• _Problem_:
All entries are to be returned verbatim.
Start of Data
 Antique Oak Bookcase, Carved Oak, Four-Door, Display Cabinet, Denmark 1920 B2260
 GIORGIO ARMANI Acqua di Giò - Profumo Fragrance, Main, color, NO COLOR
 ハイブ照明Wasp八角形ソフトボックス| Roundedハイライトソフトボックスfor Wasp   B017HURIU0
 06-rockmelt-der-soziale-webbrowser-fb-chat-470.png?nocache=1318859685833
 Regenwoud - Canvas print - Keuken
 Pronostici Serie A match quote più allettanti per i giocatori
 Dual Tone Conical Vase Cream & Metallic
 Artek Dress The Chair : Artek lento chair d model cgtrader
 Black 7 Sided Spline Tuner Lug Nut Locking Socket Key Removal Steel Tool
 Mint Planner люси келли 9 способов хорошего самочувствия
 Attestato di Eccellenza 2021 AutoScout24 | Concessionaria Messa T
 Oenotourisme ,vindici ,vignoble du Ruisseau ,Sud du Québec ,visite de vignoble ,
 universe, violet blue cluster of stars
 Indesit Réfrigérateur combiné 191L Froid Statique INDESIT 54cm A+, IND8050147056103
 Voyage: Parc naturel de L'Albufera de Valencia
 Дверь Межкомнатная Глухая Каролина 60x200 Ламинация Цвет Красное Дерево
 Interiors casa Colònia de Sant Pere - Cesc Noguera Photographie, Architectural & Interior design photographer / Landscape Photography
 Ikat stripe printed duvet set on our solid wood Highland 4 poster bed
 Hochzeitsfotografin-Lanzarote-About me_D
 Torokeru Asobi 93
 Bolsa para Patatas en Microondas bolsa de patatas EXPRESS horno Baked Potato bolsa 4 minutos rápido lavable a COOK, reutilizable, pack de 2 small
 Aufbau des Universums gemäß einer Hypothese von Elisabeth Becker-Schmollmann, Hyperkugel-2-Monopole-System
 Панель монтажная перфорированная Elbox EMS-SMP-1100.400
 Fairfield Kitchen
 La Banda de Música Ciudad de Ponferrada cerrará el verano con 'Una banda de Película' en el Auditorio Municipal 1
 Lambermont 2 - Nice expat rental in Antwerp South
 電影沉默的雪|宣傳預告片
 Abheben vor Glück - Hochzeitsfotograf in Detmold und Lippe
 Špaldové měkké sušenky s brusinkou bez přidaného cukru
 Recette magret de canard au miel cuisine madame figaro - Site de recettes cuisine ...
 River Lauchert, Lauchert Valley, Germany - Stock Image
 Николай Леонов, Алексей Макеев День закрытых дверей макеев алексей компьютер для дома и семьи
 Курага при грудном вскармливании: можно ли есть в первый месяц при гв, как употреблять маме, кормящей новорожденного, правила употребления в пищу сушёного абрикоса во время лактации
End of Data
• _Exercise result_:
 Antique Oak Bookcase, Carved Oak, Four-Door, Display Cabinet, Denmark 1920 B2260
 GIORGIO ARMANI Acqua di Giò - Profumo Fragrance, Main, color, NO COLOR
 ハイブ照明Wasp八角形ソフトボックス| Roundedハイライトソフトボックスfor Wasp   B017HURIU0
 06-rockmelt-der-soziale-webbrowser-fb-chat-470.png?nocache=1318859685833
 Regenwoud - Canvas print - Keuken
 Pronostici Serie A match quote più allettanti per i giocatori
 Dual Tone Conical Vase Cream & Metallic
 Artek Dress The Chair : Artek lento chair d model cgtrader
 Black 7 Sided Spline Tuner Lug Nut Locking Socket Key Removal Steel Tool
 Mint Planner люси келли 9 способов хорошего самочувствия
 Attestato di Eccellenza 2021 AutoScout24 | Concessionaria Messa T
 Oenotourisme ,vindici ,vignoble du Ruisseau ,Sud du Québec ,visite de vignoble ,
 universe, violet blue cluster of stars
 Indesit Réfrigérateur combiné 191L Froid Statique INDESIT 54cm A+, IND8050147056103
 Voyage: Parc naturel de L'Albufera de Valencia
 Дверь Межкомнатная Глухая Каролина 60x200 Ламинация Цвет Красное Дерево
 Interiors casa Colònia de Sant Pere - Cesc Noguera Photographie, Architectural & Interior design photographer / Landscape Photography
 Ikat stripe printed duvet set on our solid wood Highland 4 poster bed
 Hochzeitsfotografin-Lanzarote-About me_D
 Torokeru Asobi 93
 Bolsa para Patatas en Microondas bolsa de patatas EXPRESS horno Baked Potato bolsa 4 minutos rápido lavable a COOK, reutilizable, pack de 2 small
 Aufbau des Universums gemäß einer Hypothese von Elisabeth Becker-Schmollmann, Hyperkugel-2-Monopole-System
 Панель монтажная перфорированная Elbox EMS-SMP-1100.400
 Fairfield Kitchen
 La Banda de Música Ciudad de Ponferrada cerrará el verano con 'Una banda de Película' en el Auditorio Municipal 1
 Lambermont 2 - Nice expat rental in Antwerp South
 電影沉默的雪|宣傳預告片
 Abheben vor Glück - Hochzeitsfotograf in Detmold und Lippe
 Špaldové měkké sušenky s brusinkou bez přidaného cukru
 Recette magret de canard au miel cuisine madame figaro - Site de recettes cuisine ...
 River Lauchert, Lauchert Valley, Germany - Stock Image
 Николай Леонов, Алексей Макеев День закрытых дверей макеев алексей компьютер для дома и семьи
 Курага при грудном вскармливании: можно ли есть в первый месяц при гв, как употреблять маме, кормящей новорожденного, правила употребления в пищу сушёного абрикоса во время лактации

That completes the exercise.